> Work required:
Without including the pictures, copy out every line below.
Raw data Start Marker
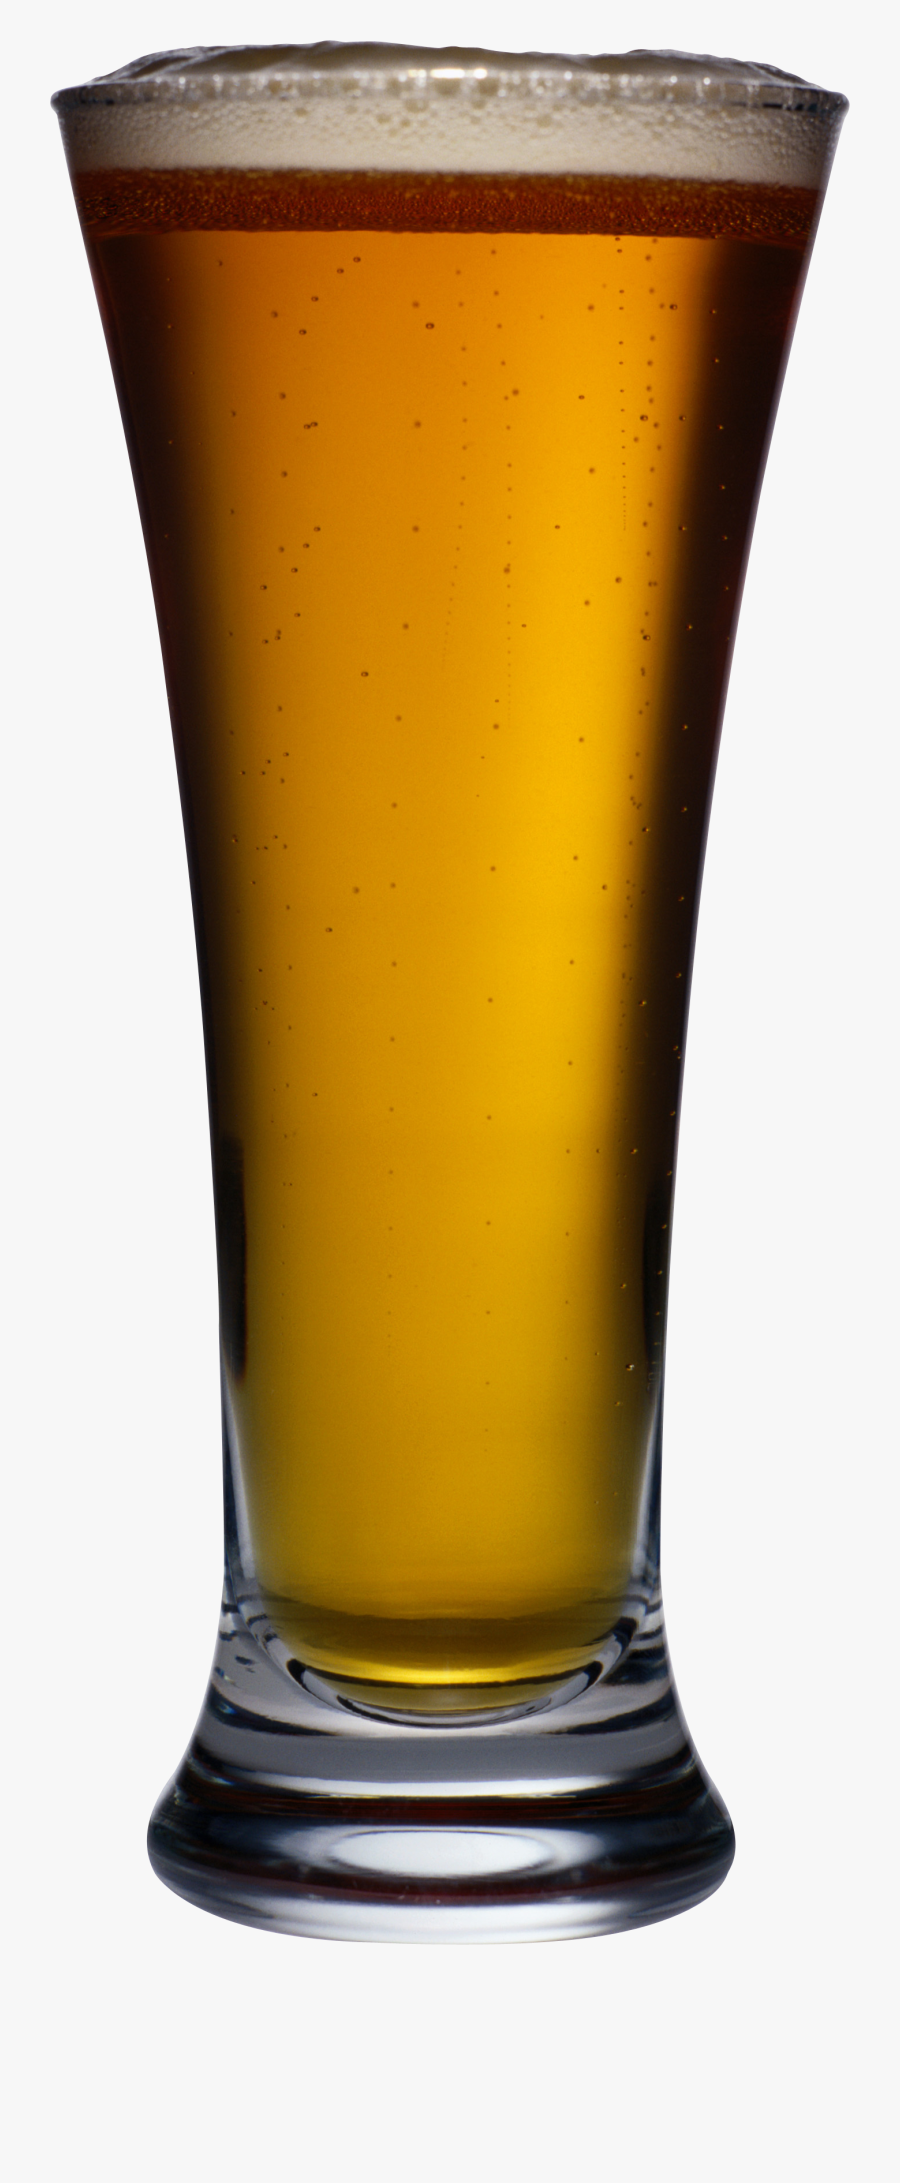 Goblet Beer Png Image - Beer Glass Transparent Background, Transparent Clipart
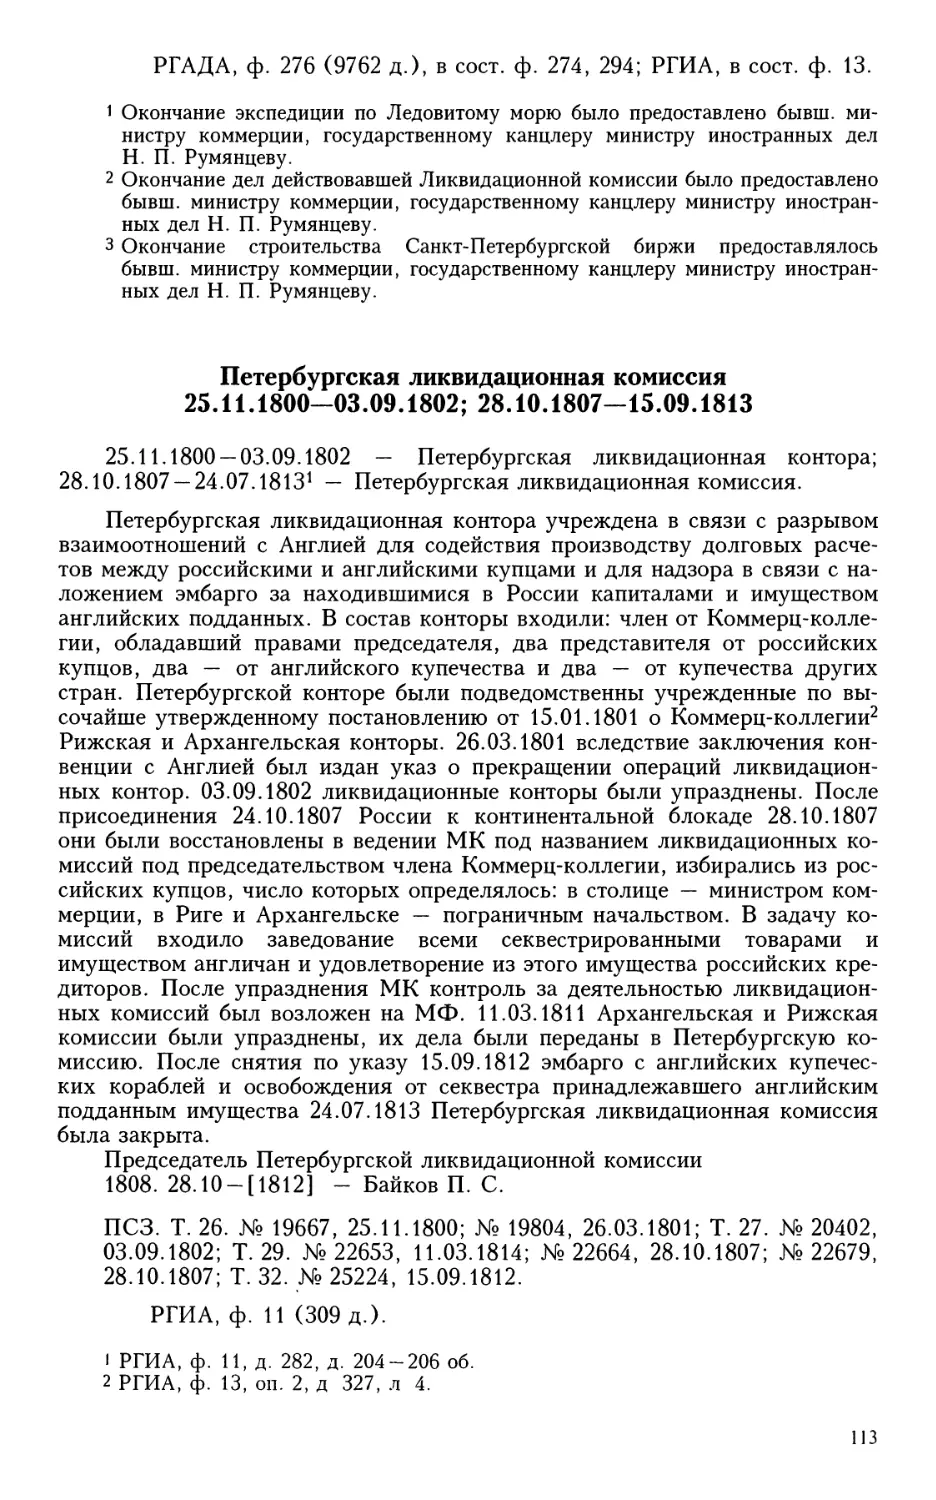 Петербургская ликвидационная комиссия
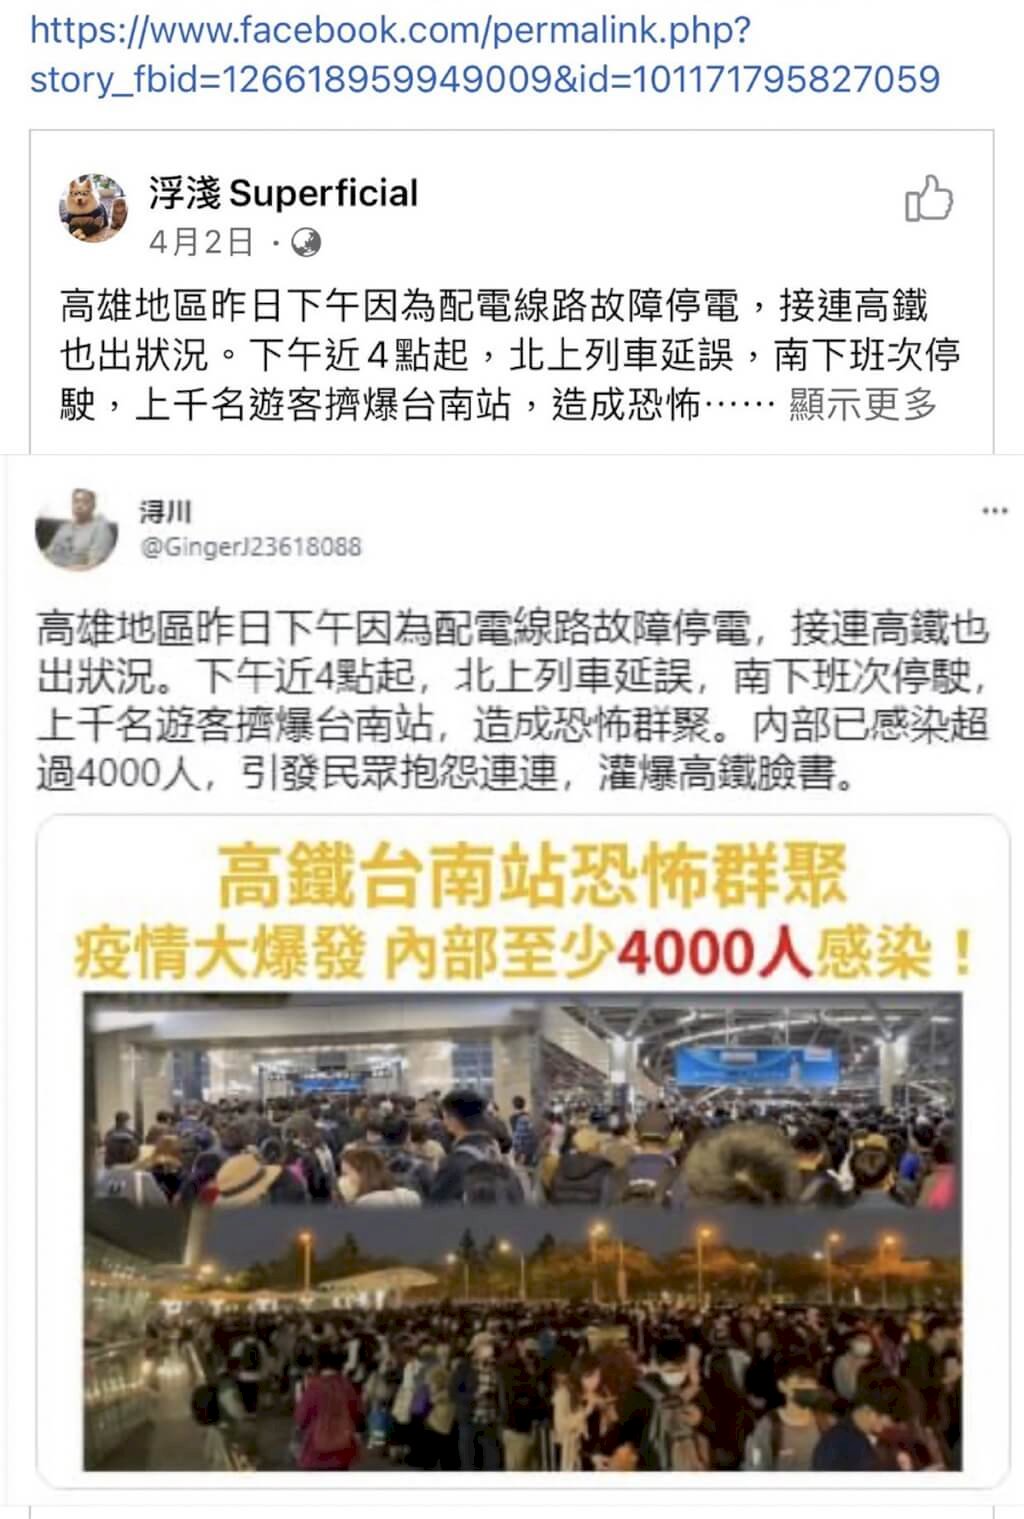 「台南車站確診4000人」不實訊息  疑境外勢力操控
Raw data End Marker
> Result for this exercise:
 Goblet Beer Png Image - Beer Glass Transparent Background, Transparent Clipart
 Петербургская ликвидационная комиссия
 「台南車站確診4000人」不實訊息  疑境外勢力操控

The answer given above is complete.